Psychology from an Empirical Standpoint

Psychology from an Empirical Standpoint

Title page of the first edition
Author Franz Brentano
Original title Psychologie vom empirischen Standpunkte
Translator Antos C. Rancurello, D. B. Terrell, Linda L. McAlister
Country Germany
Language German
Subject Psychology
Published
  • 1874 (Duncker & Humboldt, in German)
  • 1924 (Philosophische Biblothek, in German)
  • 1973 (Routlede & Kegan Paul, in English)
Media type Print (Hardcover and Paperback)
Pages 350 (first edition)
415 (2005 Routledge edition)
ISBN 978-1138019171

Psychology from an Empirical Standpoint (German: Psychologie vom empirischen Standpunkte) (1874; second edition 1924) is an 1874 book by the Austrian philosopher Franz Brentano, which established Brentano's reputation as a philosopher, helped to establish psychology as a scientific discipline, and influenced developments such as Husserlian phenomenology, analytic philosophy, gestalt psychology, and Alexius Meinong's theory of objects. It is Brentano's best known book and has been called his greatest work, and compared to Wilhelm Wundt's Grundzüge der physiologischen Psychologie and Sigmund Freud's Project for a Scientific Psychology. Brentano believed that the goal of psychology should be to establish exact laws. However, the results that Brentano produces from his method in Psychology from an Empirical Standpoint have been described as "deadly dull and nearly vacuous."

Background and publishing history

Brentano was at work on Psychology from an Empirical Standpoint in 1873, while travelling in Europe after leaving the Roman Catholic Church and resigning from his position at the University of Würzburg. He completed the first two books of the work in March 1874. Brentano originally intended to produce a large work consisting of six books, the first five of which would cover psychology as a science, mental phenomena in general, and their three basic classes, while the sixth would deal with the mind-body problem, the soul, and immortality. However, Brentano was ill with smallpox after publishing the first two books. The work remained incomplete. In 1911, Brentano published book two of Psychology from an Empirical Standpoint under the new title Von der Klassifikation der psychischen Phänomene, with the addition of remarks explaining his later views, where they differed from those he held in 1874.[1]

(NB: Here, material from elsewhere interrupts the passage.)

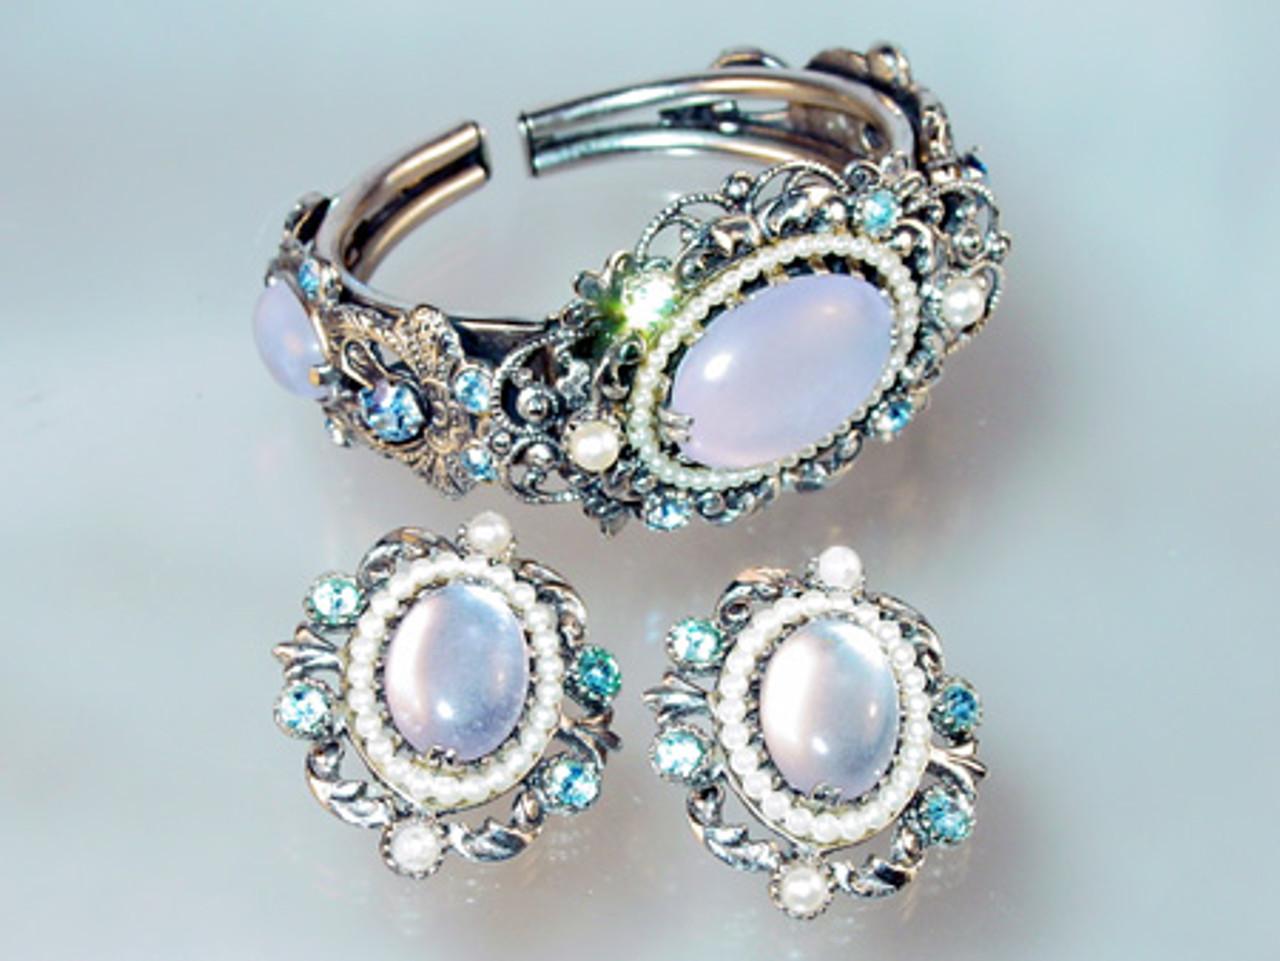 Selro corp moonstone hinged bracelet & earrings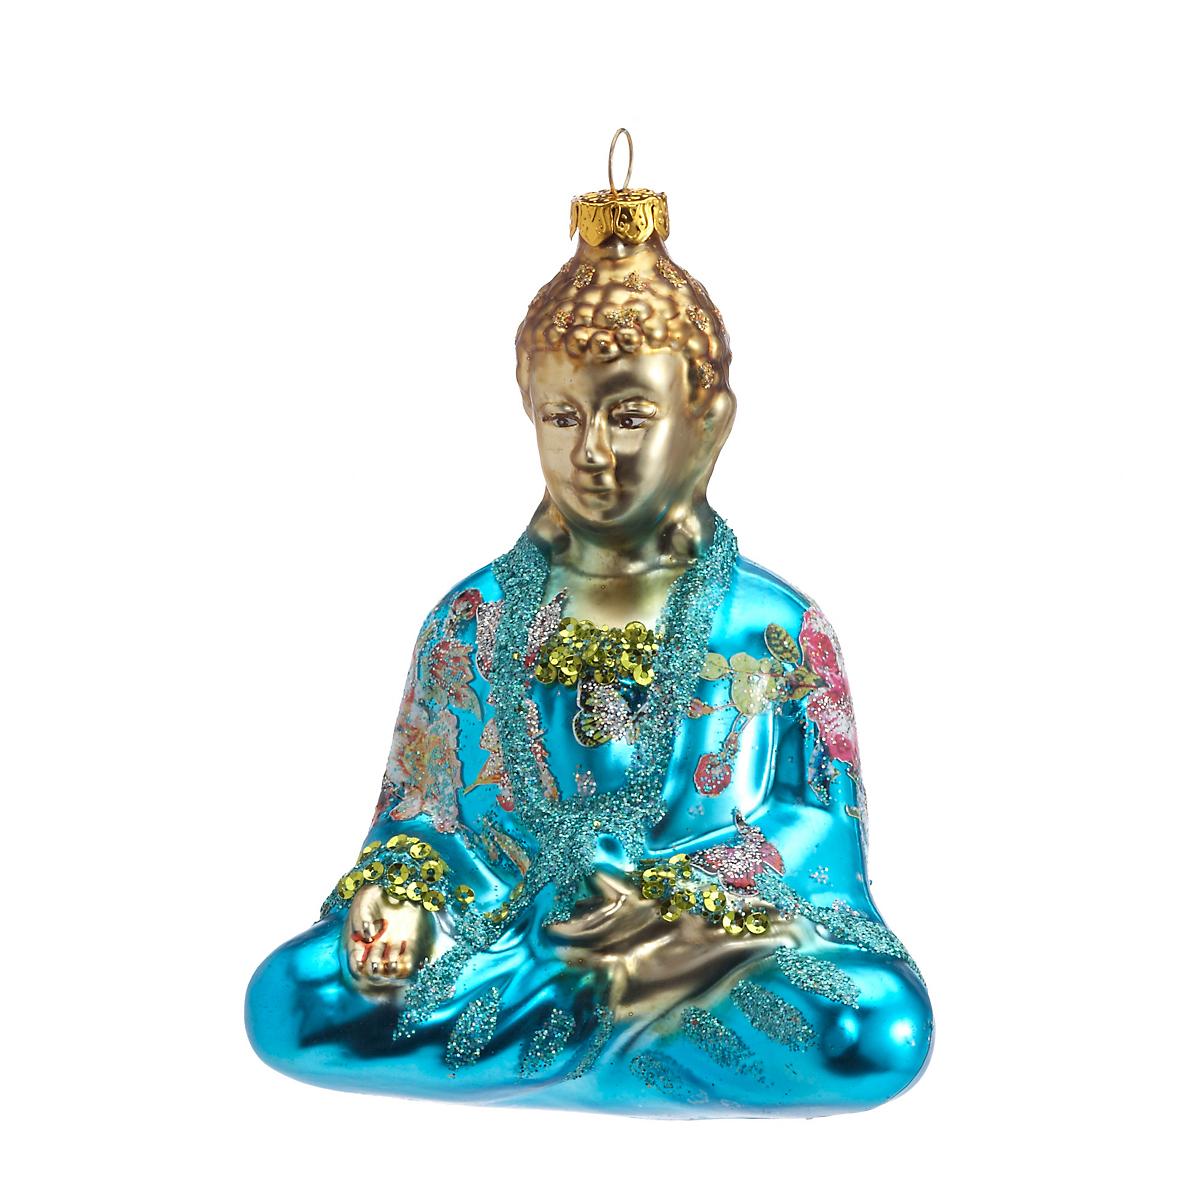 Turquoise Buddha Christmas Ornament | Gump's

Psychology from an Empirical Standpoint was first published as Psychologie vom empirischen Standpunkte, but subsequent editions were published as Psychologie vom empirischen Standpunkt, which is the more commonly cited name. The first edition was designated Volume 1, but this was also abandoned in later editions.[2] In 1924, after Brentano's death, the book was published in a new edition, which included explanatory notes by Oskar Kraus.[2]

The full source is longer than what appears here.